I semi della Felisia sono fertili e dotati di un’ottima capacità di germinazione e pertanto possono essere raccolti e conservati per poter ottenere nuove piante mediante la semina.

agatea

Fioritura

La felisia o Agatea fiorisce dalla primavera all’autunno e nelle zone con clima mite la fioritura si prolunga fino a dicembre.

Agatea-Felisia

Coltivazione della Felisia o Agatea

Esposizione

E’ una piantina che anche se cresce bene in luoghi semiobreggiati, per fiorire copiosamente richiede esposizioni soleggiate per molte ore al giorno. Teme il freddo e i venti gelidi dell’inverno. E’ resistente alla salsedine.

Terreno

La Felisia predilige i terreni misti, umidi ma soprattutto ben drenati.Il terreno di coltivazione ottimale è un miscuglio di comune terreno da giardino misto a sabbia o ghiaia e compost.

Annaffiature

Richiede regolari annaffiature per tutto il periodo vegetativo, da aprile fino a settembre e soprattutto durante in estate e durante i periodi di prolungata siccità in quanto è una sempreverde che non va in riposo vegetativo. In autunno-inverno le annaffiature vanno diradate oppure sospese del tutto.

Concimazione

Le concimazioni si effettuano ogni 20 giorni somministrando ai piedi del cespuglio del fertilizzante granulare a lento rilascio specifico per piante verdi e da fiore.

Agatea o Felicia moltiplicazione

Coltivazione in vaso della Felisia o Agatea

La Felicia amelloides è facile da coltivare in vaso purchè profondi e capienti e preferibilmente di terracotta.

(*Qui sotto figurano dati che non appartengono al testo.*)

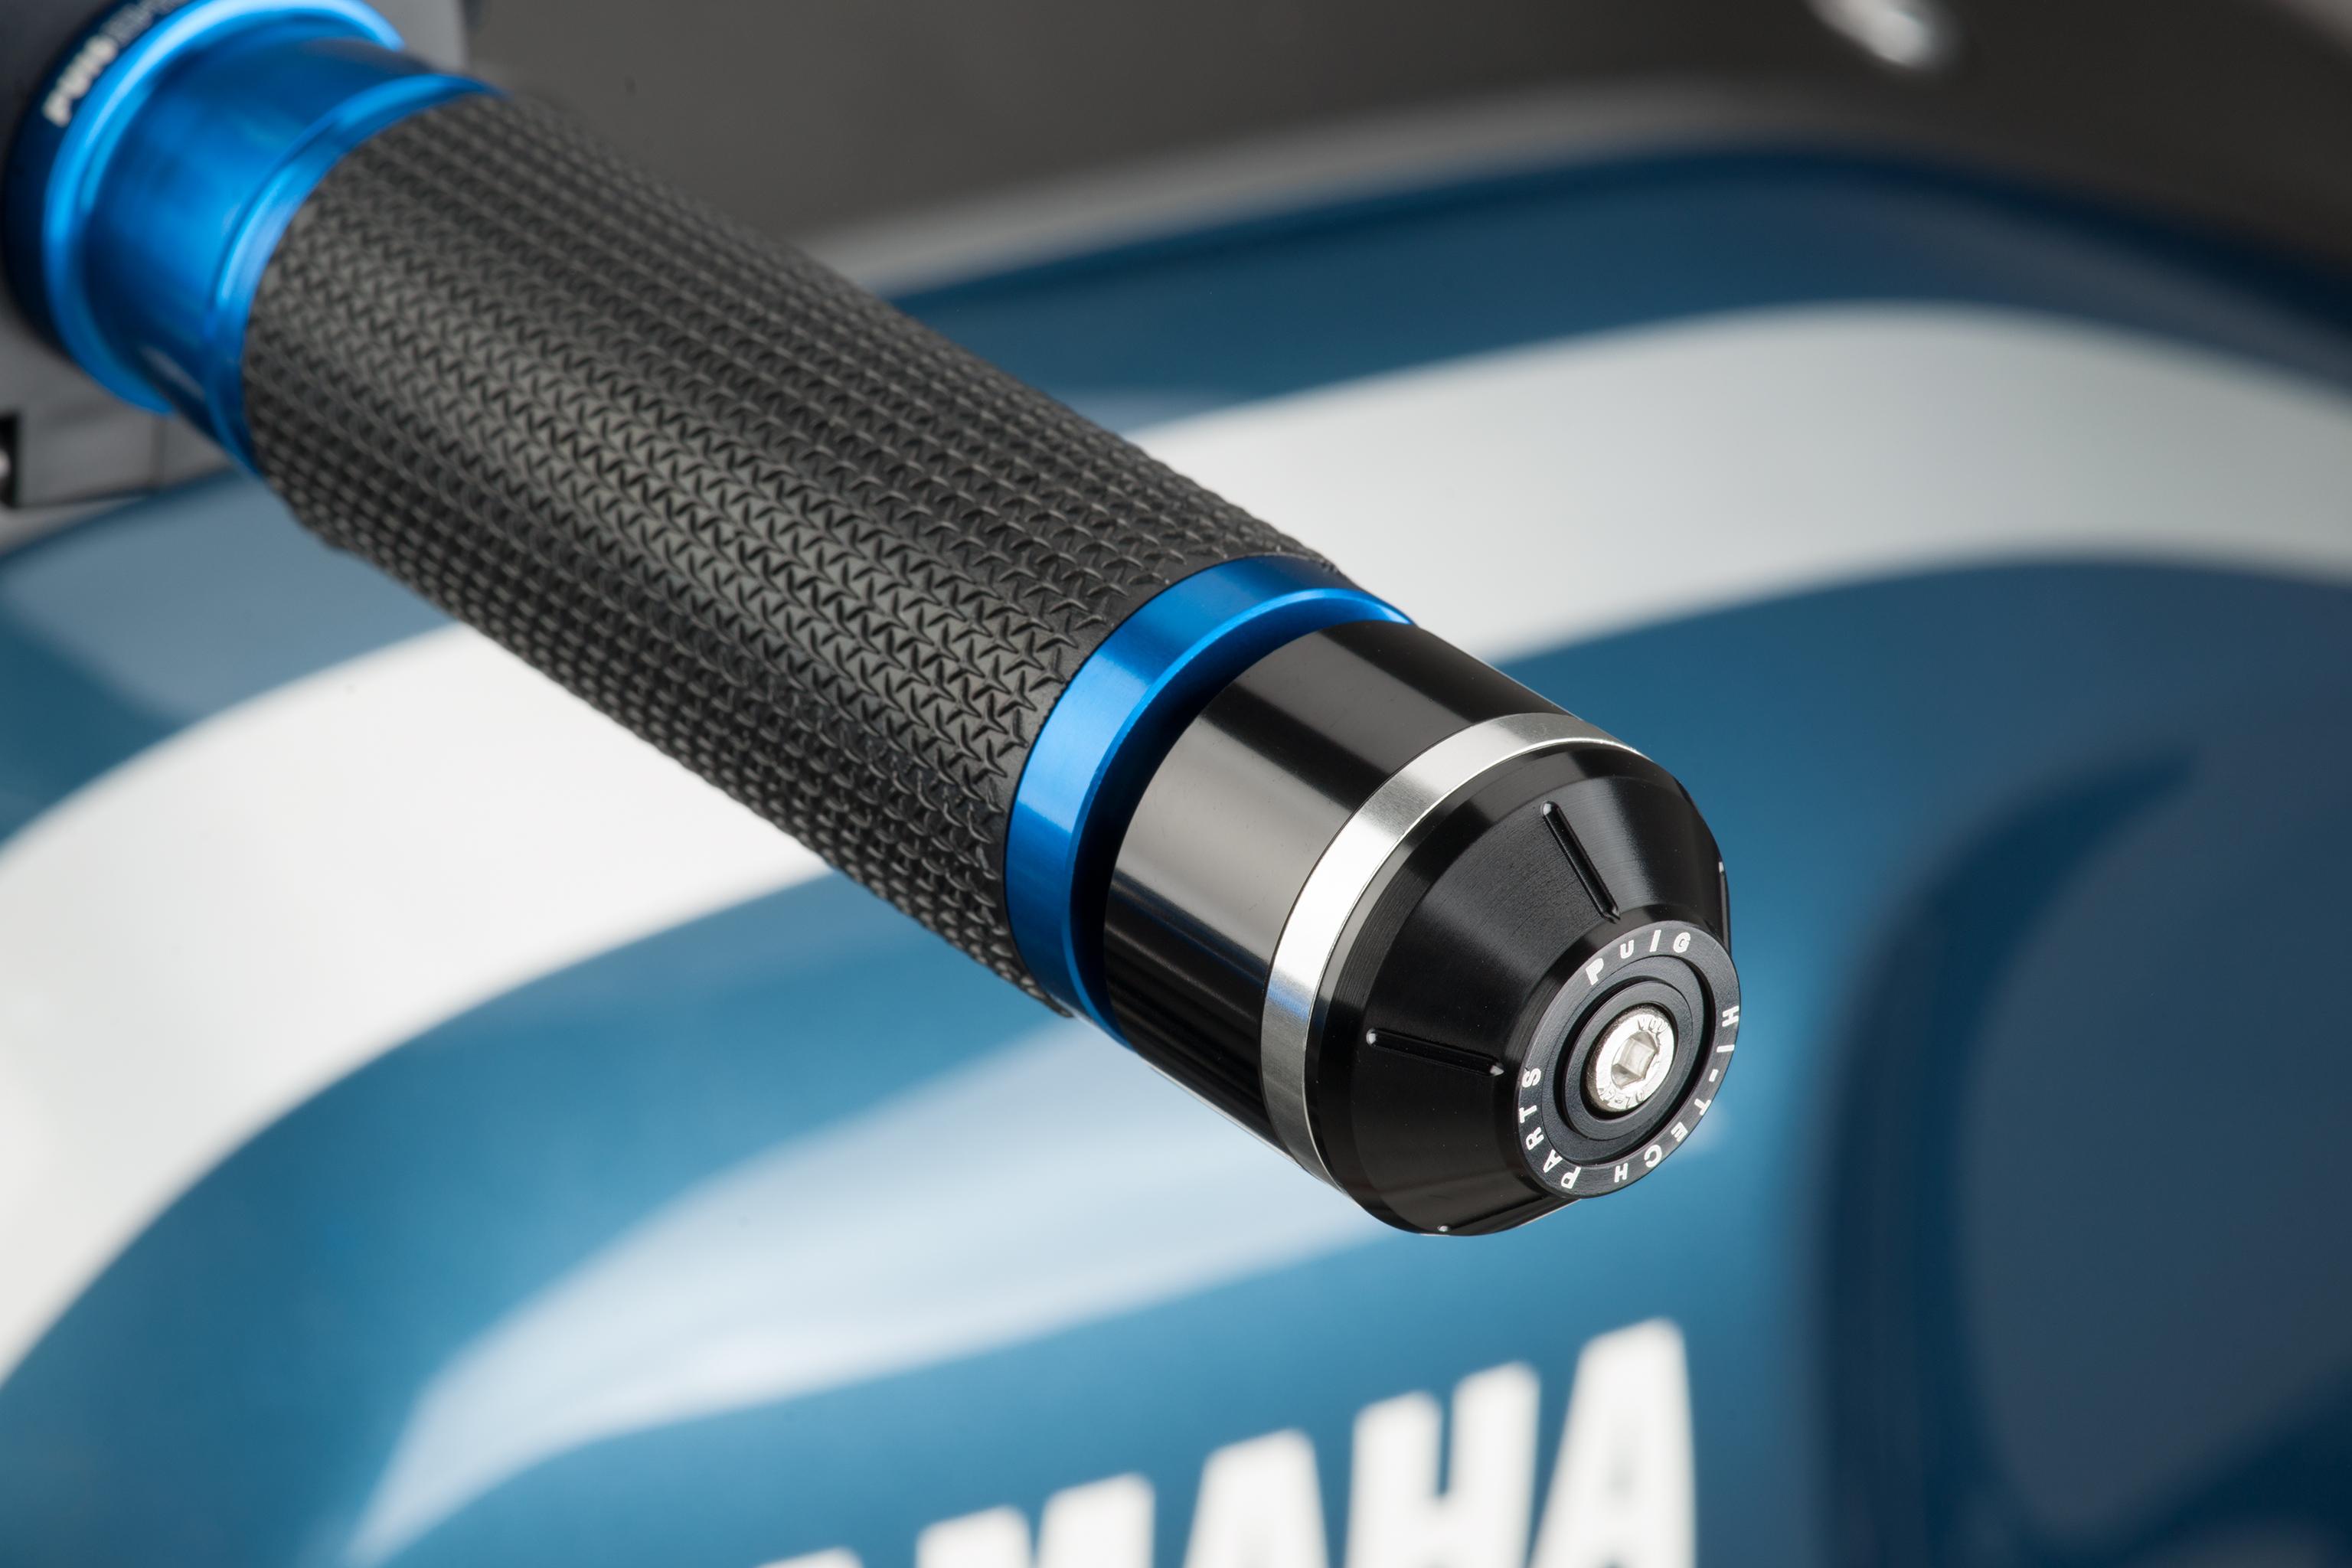 Contrapesos manillar modelo corto con aro Puig 8839 para HONDA Integra 750 16-17 / NC750 S/X 16-17
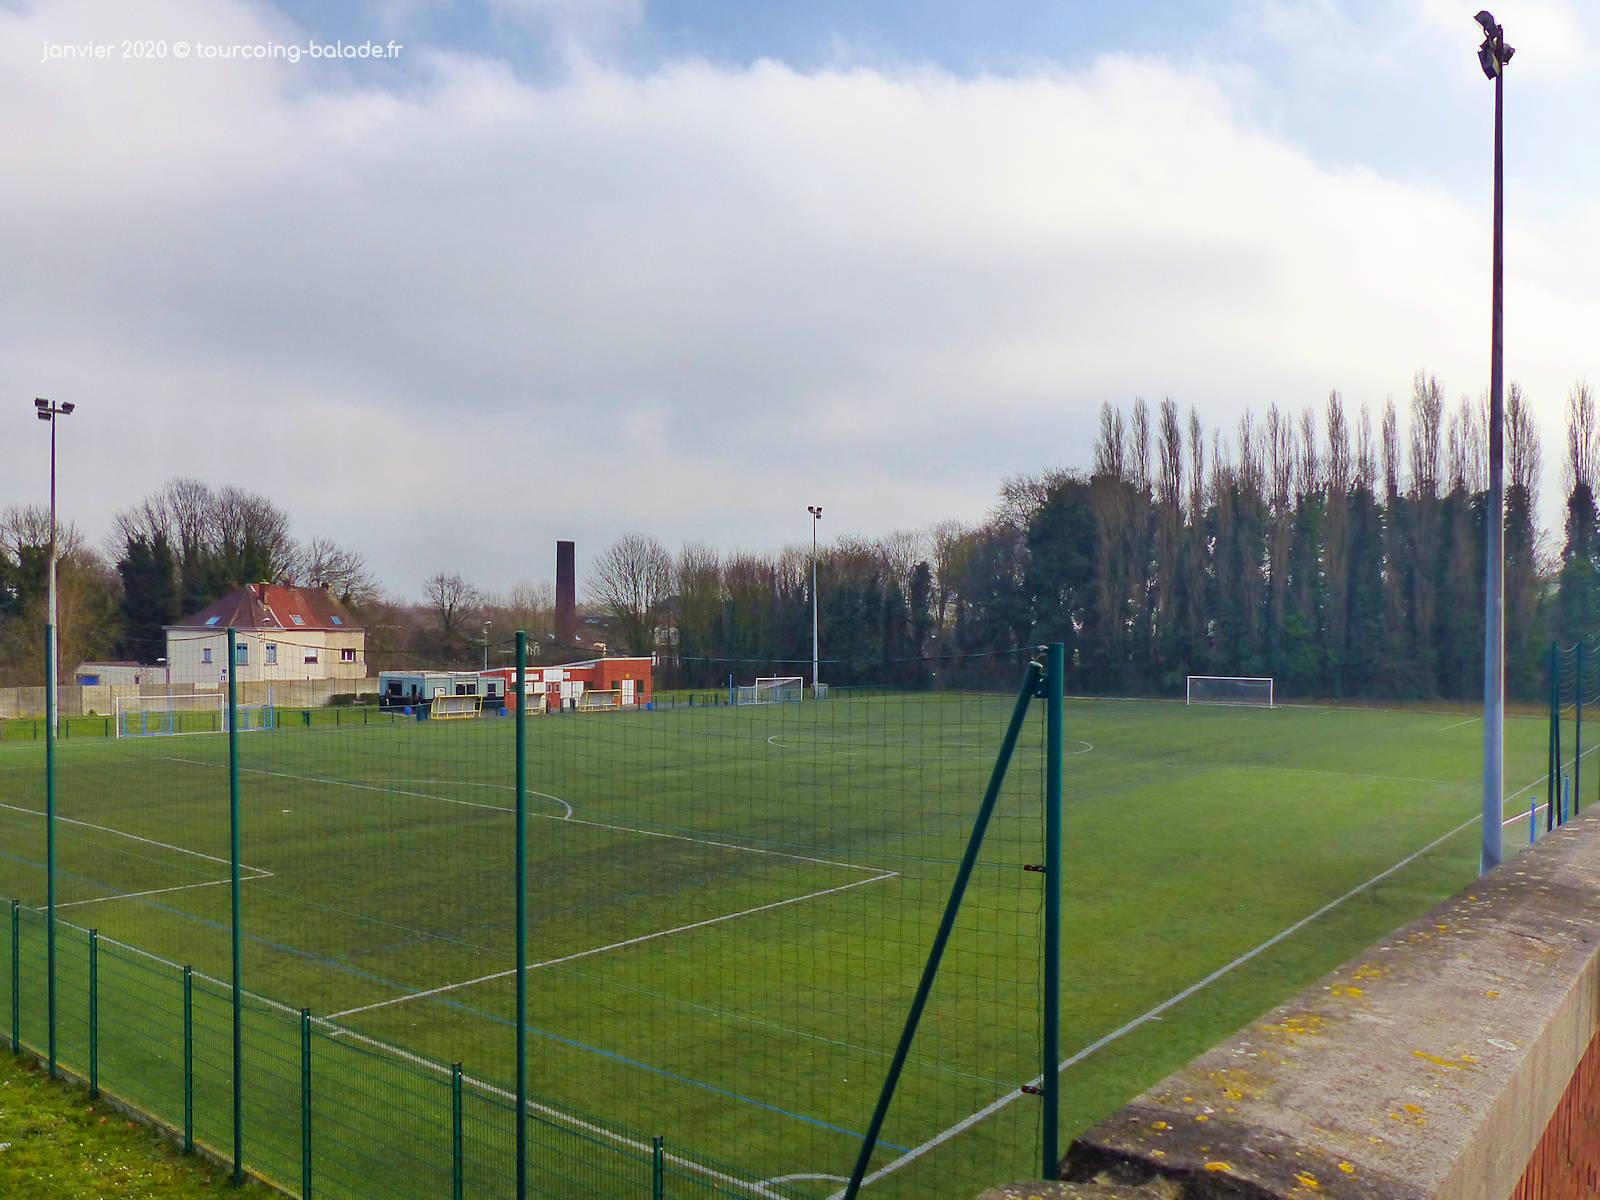 Stade du Tilleul, Football, Tourcoing.

  • Il terreno deve essere a medio impasto e arricchito di sostanza organica e misto a un po’ di sabbia per favorire lo sgrondo dell’acqua delle annaffiature.
  • Necessita di annaffiature frequenti soprattutto se il luogo di esposizione è soleggiato per molte ore al giorno. In estate l’apporto idrico va fatto al mattino presto o la sera dopo il tramonto del sole.
  • Necessita di regolari concimazioni con fertilizzanti specifici per piante verdi e da fiore soprattutto nel periodo che precede la fioritura.
  • Poichè teme il freddo in inverno il vaso va ricoverato in un luogo protetto soprattutto dai venti gelidi.

Rinvaso Agatea

Il rinvaso generalmente si effettua quando le radici della pianta fuoriescono dai fori di drenaggio dell’acqua delle annaffiature o la parte aerea non ha più spazio disponibile.Si utilizza un un nuovo vaso più grande del precedente e terriccio misto sciolto e sempre ben drenato. Per favorire il drenaggio dell’acqua si consiglia di mettere sul fondo del vaso del materiale drenante e di coprire i fori con pezzi di cocci di terracotta o altro.

Moltiplicazione Agatea

La pianta si riproduce per per seme e per via vegetativa mediante talea dei rametti dell’anno.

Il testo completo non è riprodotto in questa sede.